Moonwalk With Me

Chronicling the breaking of the world record for distance moonwalking, for reasons unknown

"No, wait," says Brookhart. "There's 4,280 feet in a mile. What's 4,280 divided by 10?"

"No, it's 5,280 feet," corrects Hall. "What's 5,280 divided by 10?" They stand around thinking for a few moments.


After that staggering calculation, Hall walks to the end of the bridge, then counts 528 steps in to the mainland to establish the start of the 1.6 miles. We surround him anxiously, ready to witness history. Morton gives him a calf rub. A few tourists wander by, confused, alarmed.

On your mark, get set, moonwalk!

As he "dances" down the walkway, it's pretty hard to tell exactly what Hall is doing. I ask a few passers-by, and though everyone can tell that he's trying to break a record of some kind, no one guesses it's for moonwalking. "Walking backwards?" is the common answer. The people at Guinness must be surprisingly lax when it comes to adjudicating these records. Hall needs only to have two witnesses; he tells me this article will probably help, too.

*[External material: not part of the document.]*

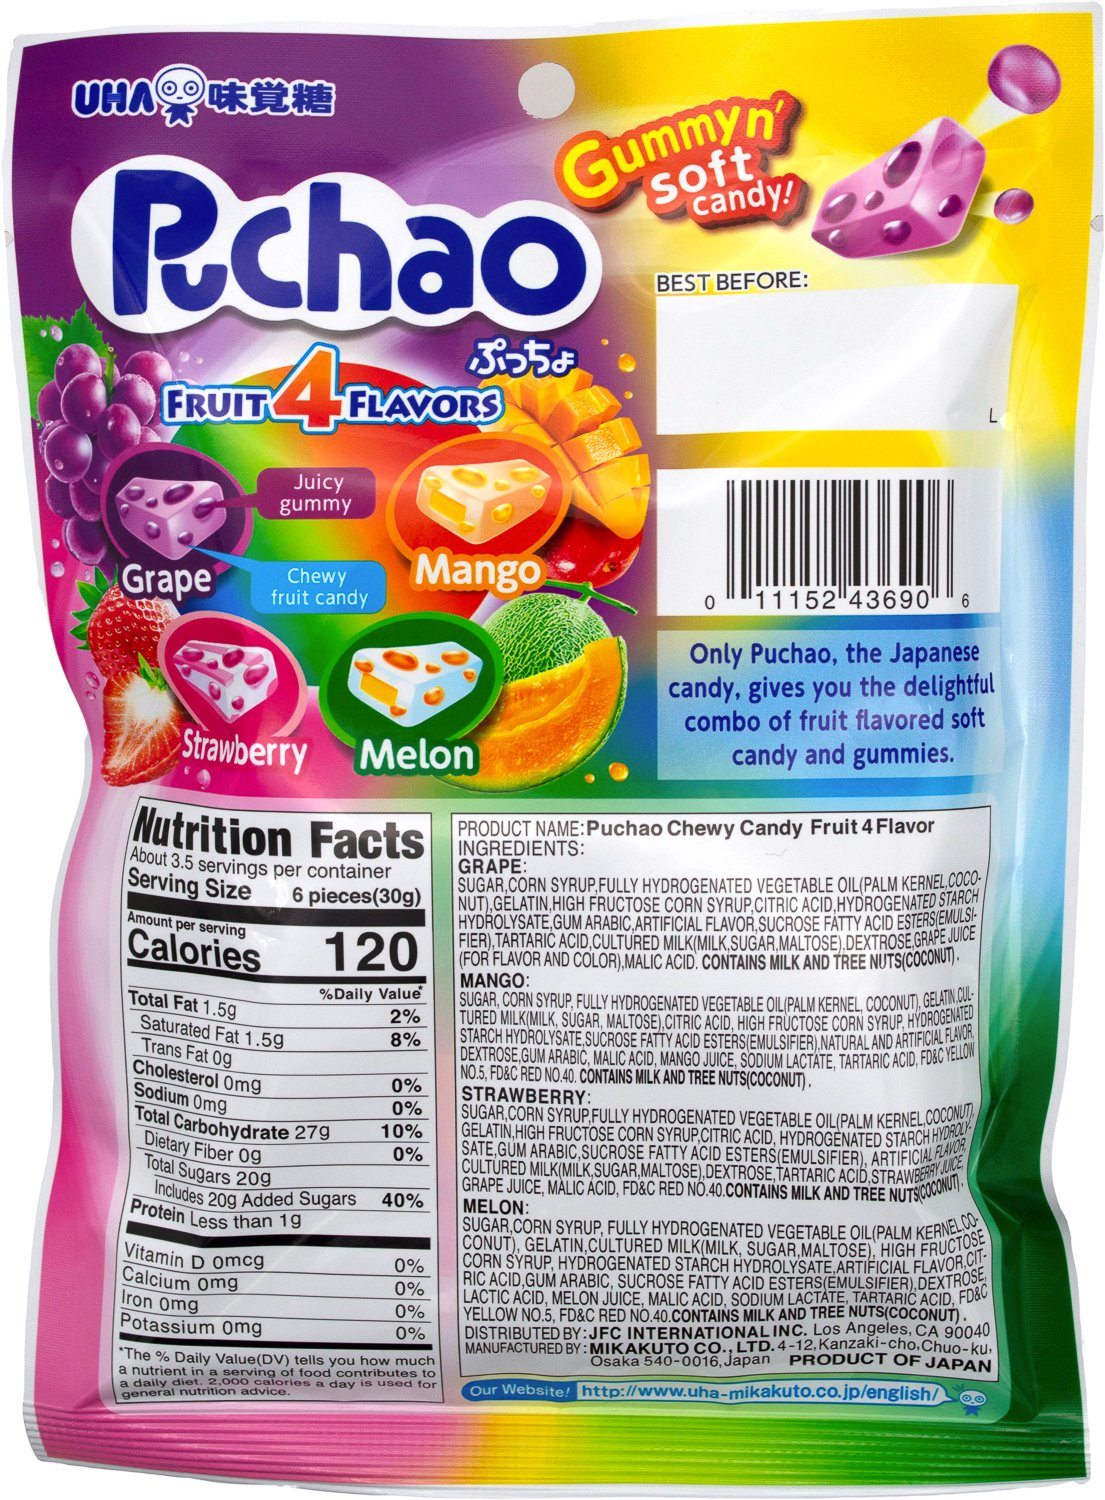 Puchao Gummy n' Soft Candy Puchao

By the time we're three-quarters of the way across the bridge, Hall is dripping sweat and in pain. Distance moonwalking apparently irritates body parts not used to such things. Hall's hip is giving him trouble, as are the balls of his feet, mainly because he's wearing old-school checkered Vans. "My calves are good," he explains, "but the balls of my feet -- that's what's taking the hit. It's like, 'Boom, boom, boom.' Vans don't have much padding. I'm taking one for the team for style points."

As Hall finally crosses the imaginary finish line, there's little fanfare.

When I first heard about his efforts, I expected there to be crowds and judges, maybe a bandstand. But it's just the four of us. And even though I can testify that Hall did indeed complete the 1.6 miles -- in 45 minutes, no less -- that really doesn't feel like much of an accomplishment given his nonchalance. But as we drive away in the silly electric car and Hall talks on the phone to the various individuals involved with the Moonwalk for Earth after-party at Studio Z tonight (which will be attended by about 50 people, and be pretty boring), I begin to marvel at the simplicity of it all. Moonwalking around the world in the name of renewable energy is lame, but it's a hell of a lot better than just a Web site or attending the occasional protest. As Brookhart puts it, "It's something so ludicrous that you have to pay attention."

Especially when someone like Hall moonwalks straight through your family outing, in which case you don't have much choice.